THE DATA ->
-*-

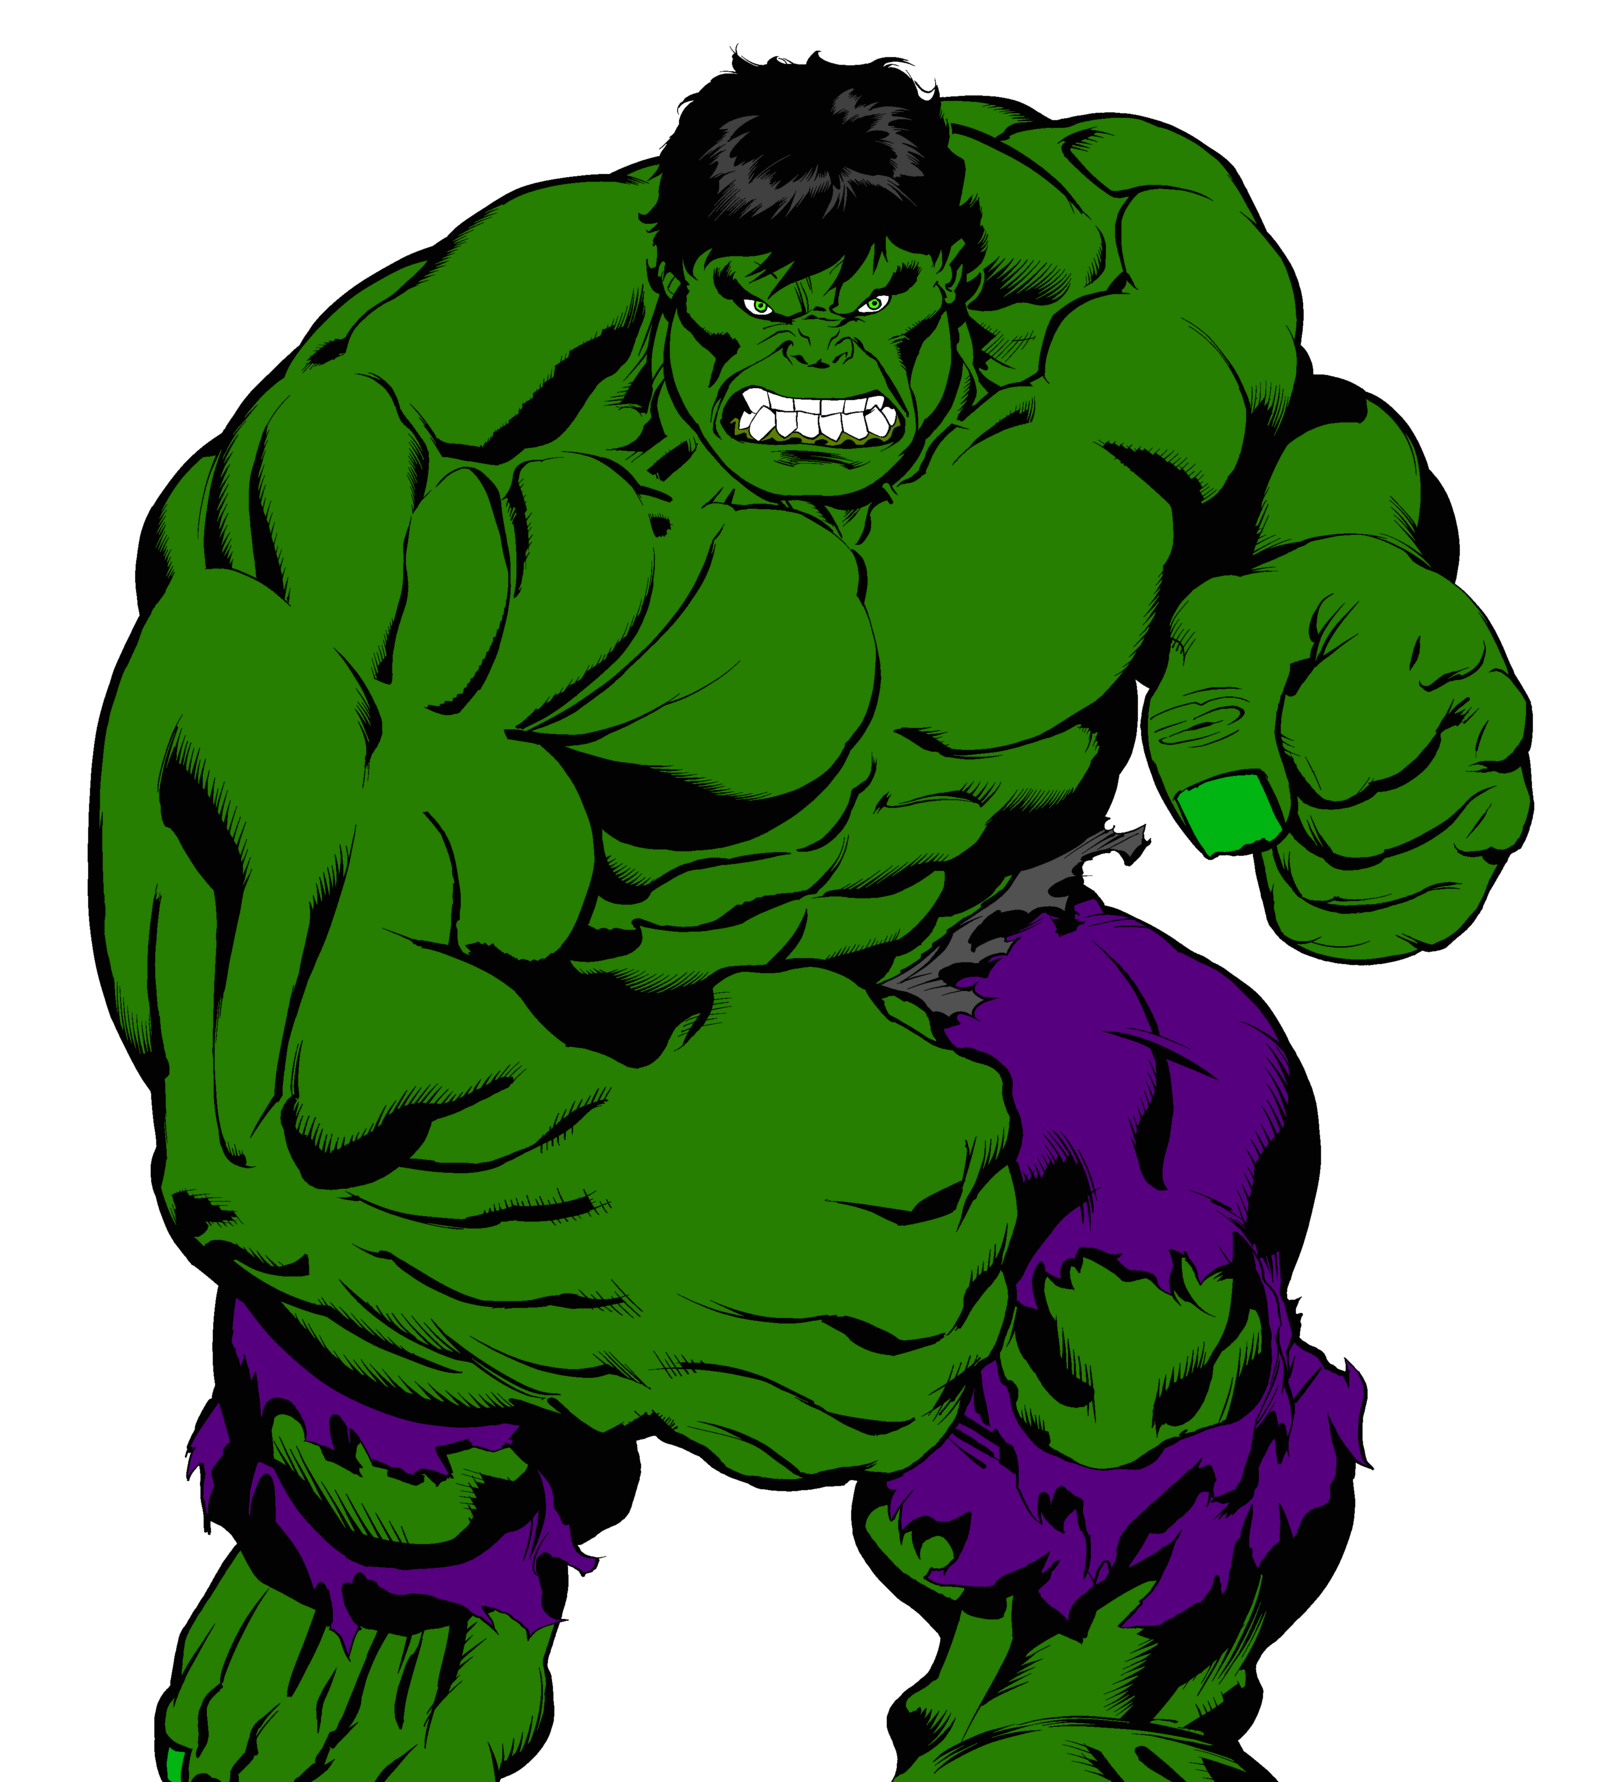 Hulk screenshots, images and pictures - Comic Vine
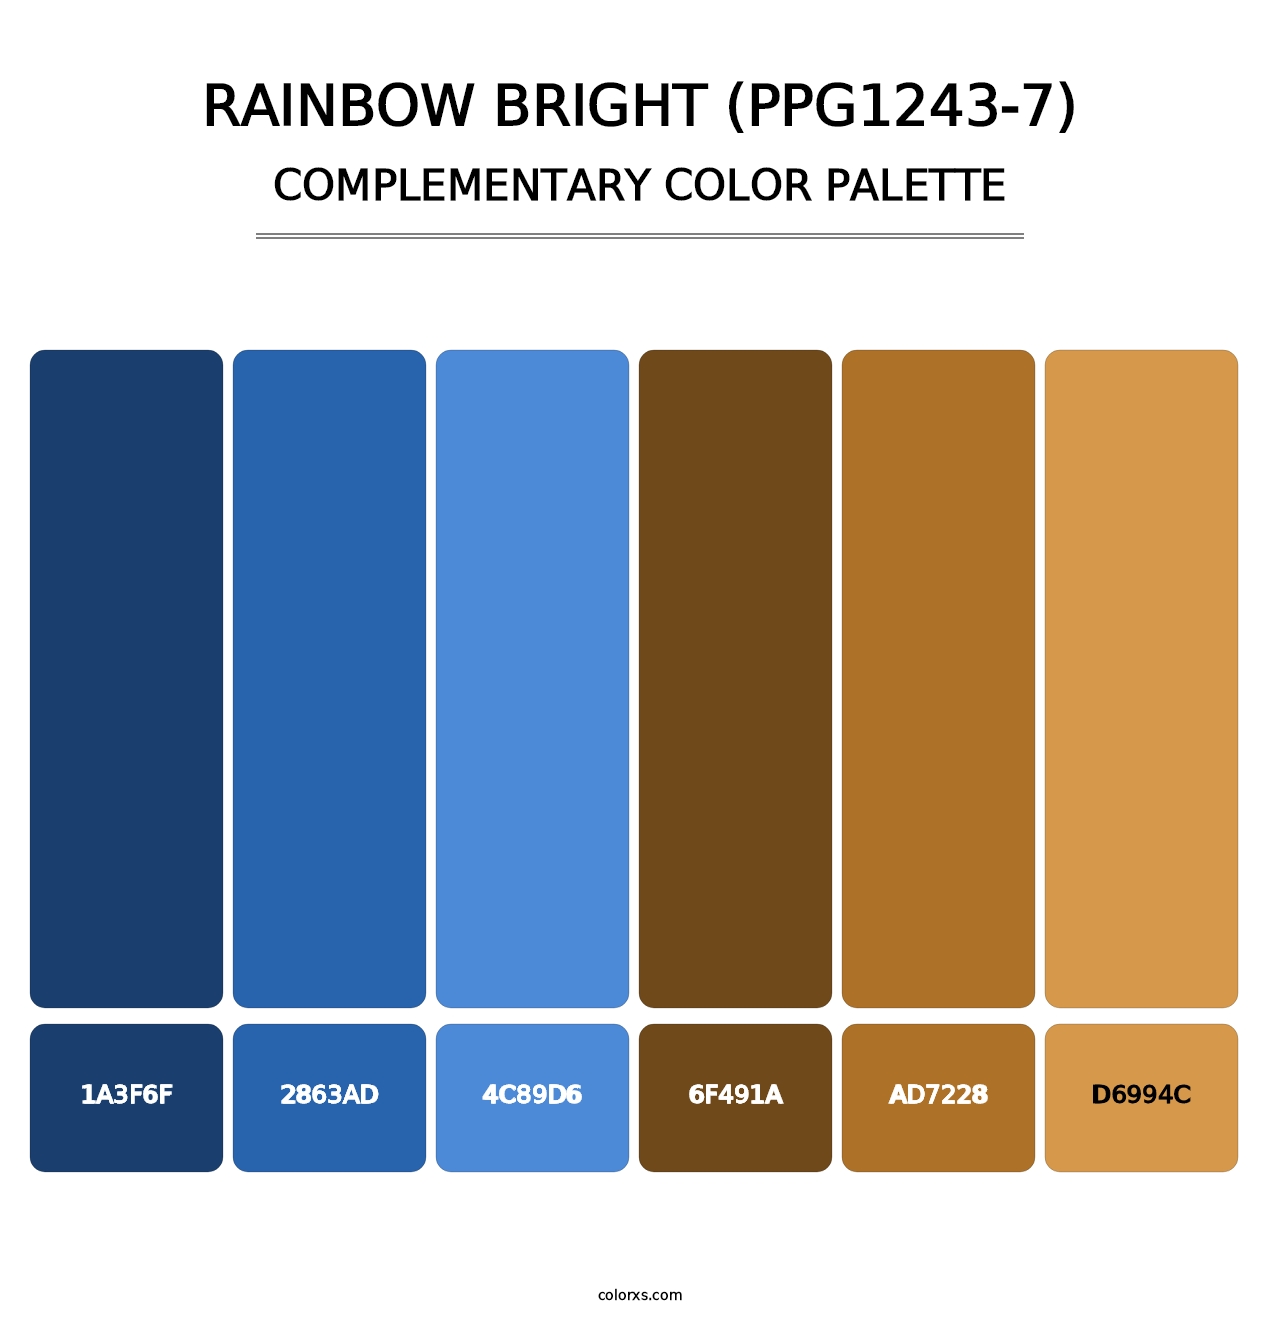 Rainbow Bright (PPG1243-7) - Complementary Color Palette
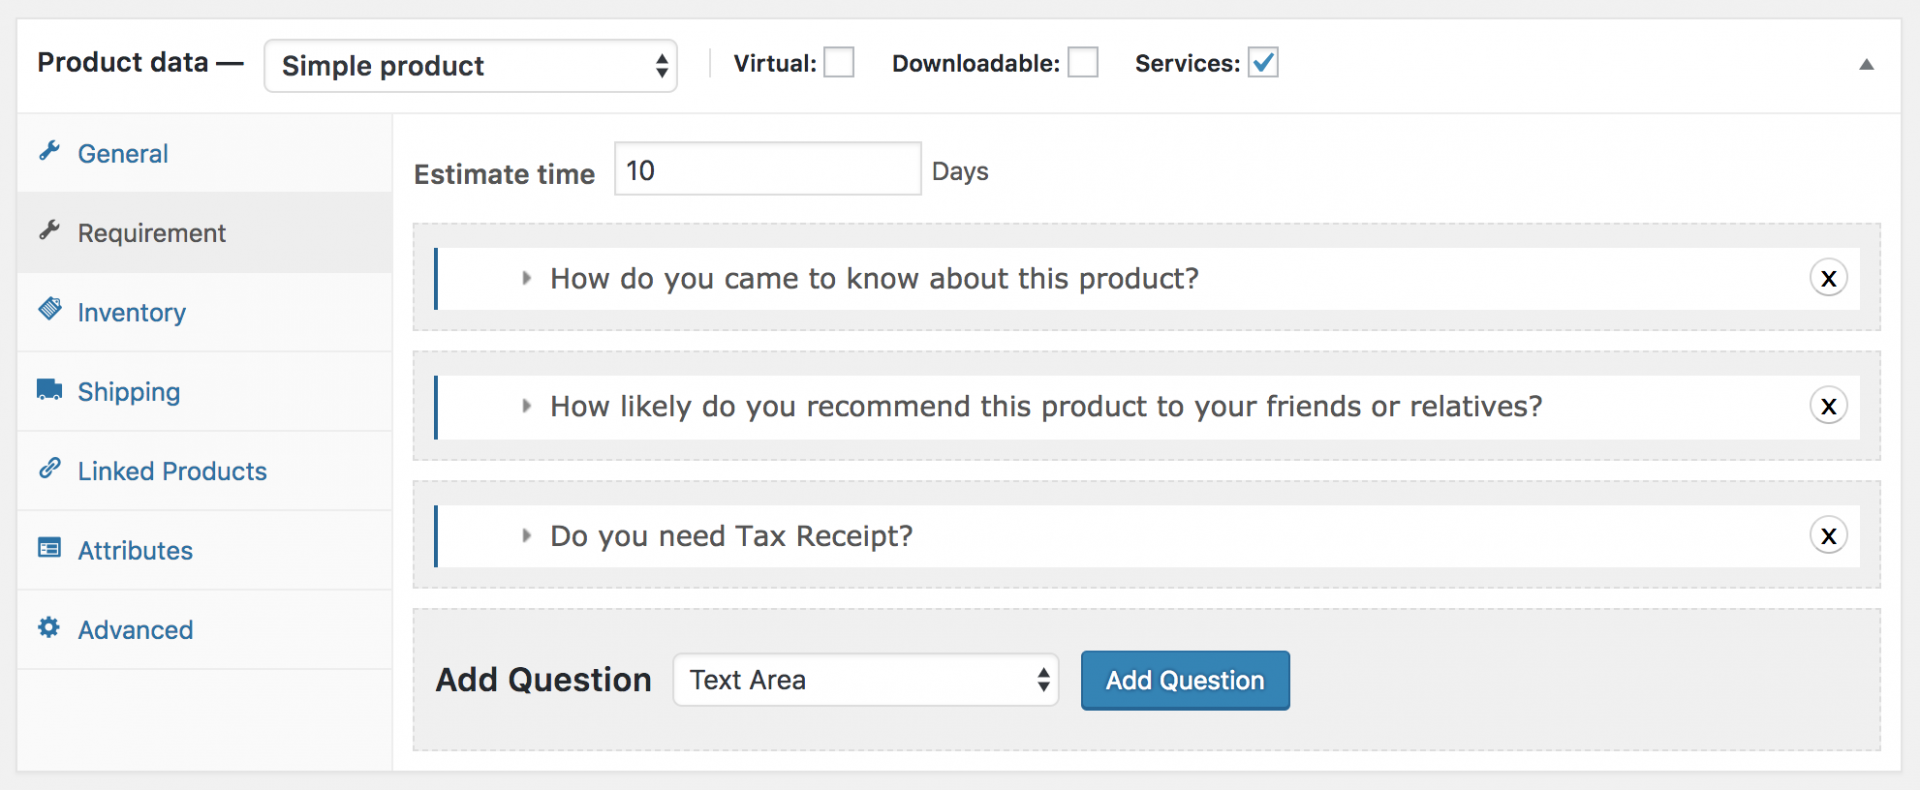 More Clean option to set your product as services
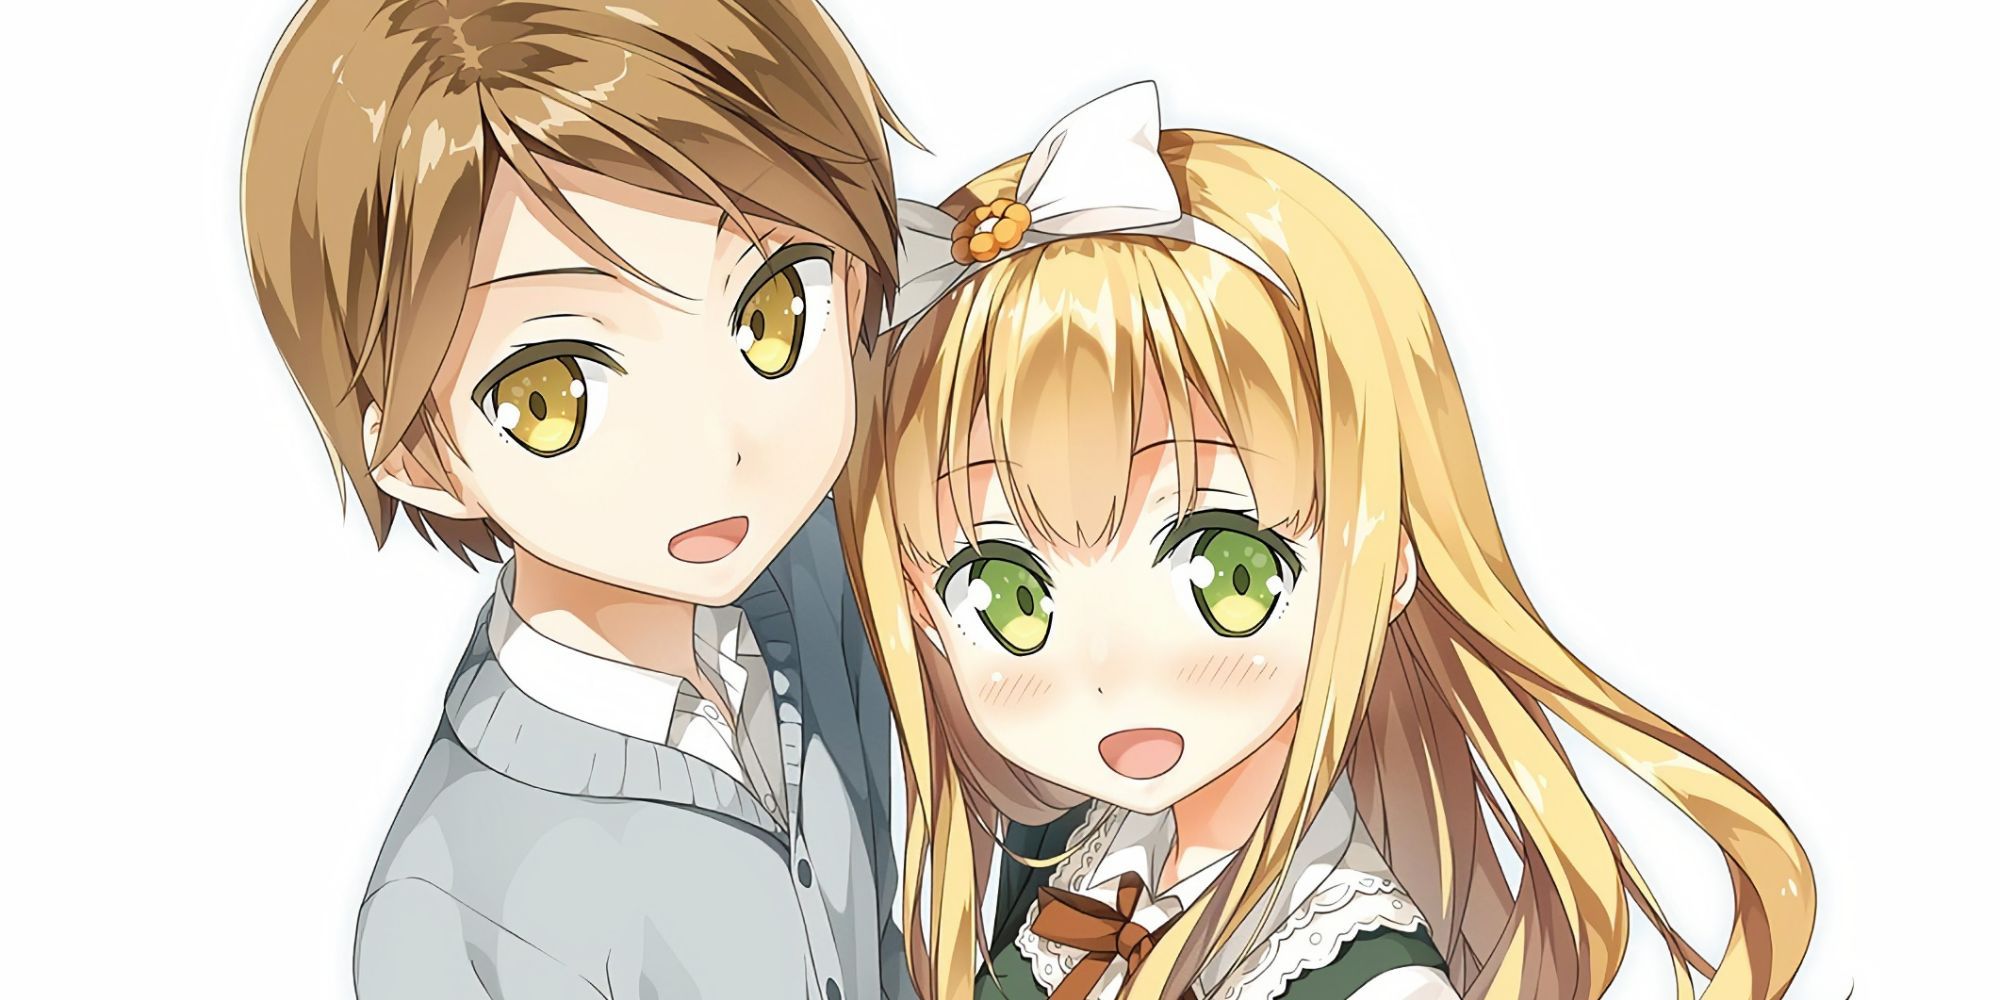 Close-up of two characters from Henneko anime
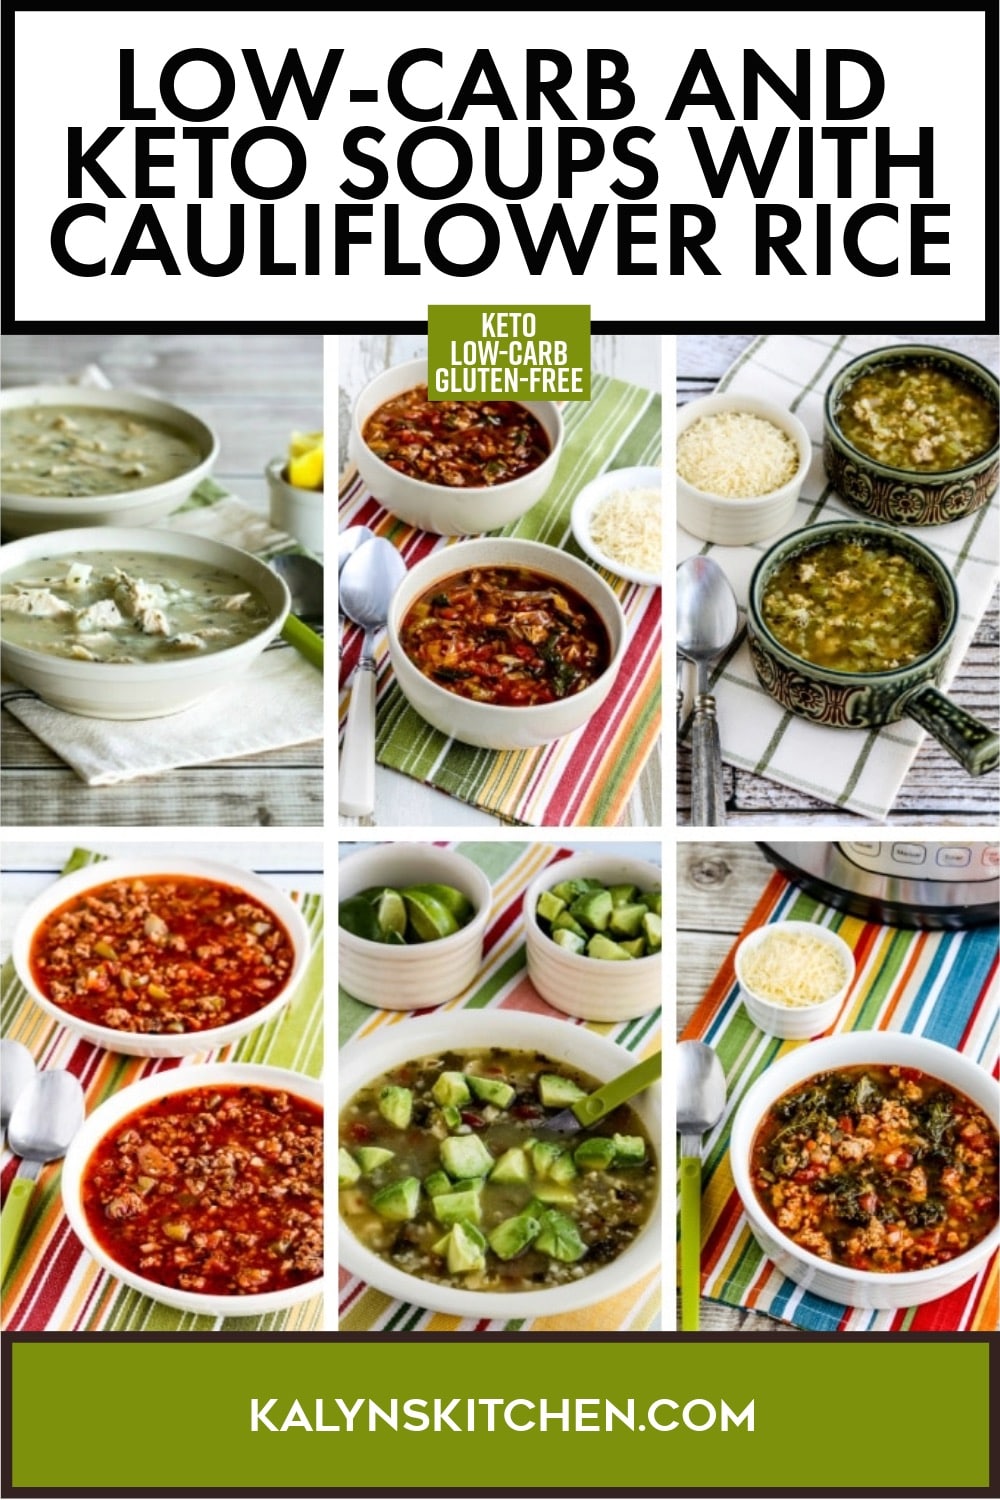 Pinterest image of Low-Carb and Keto Soups with Cauliflower Rice

-*-

Please set down the whole listing above exactly and skip every picture.

 Hulk screenshots, images and pictures - Comic Vine
 Rainbow Bright (PPG1243-7) - Complementary Color Palette
 More Clean option to set your product as services
 Close-up of two characters from Henneko anime
 Pinterest image of Low-Carb and Keto Soups with Cauliflower Rice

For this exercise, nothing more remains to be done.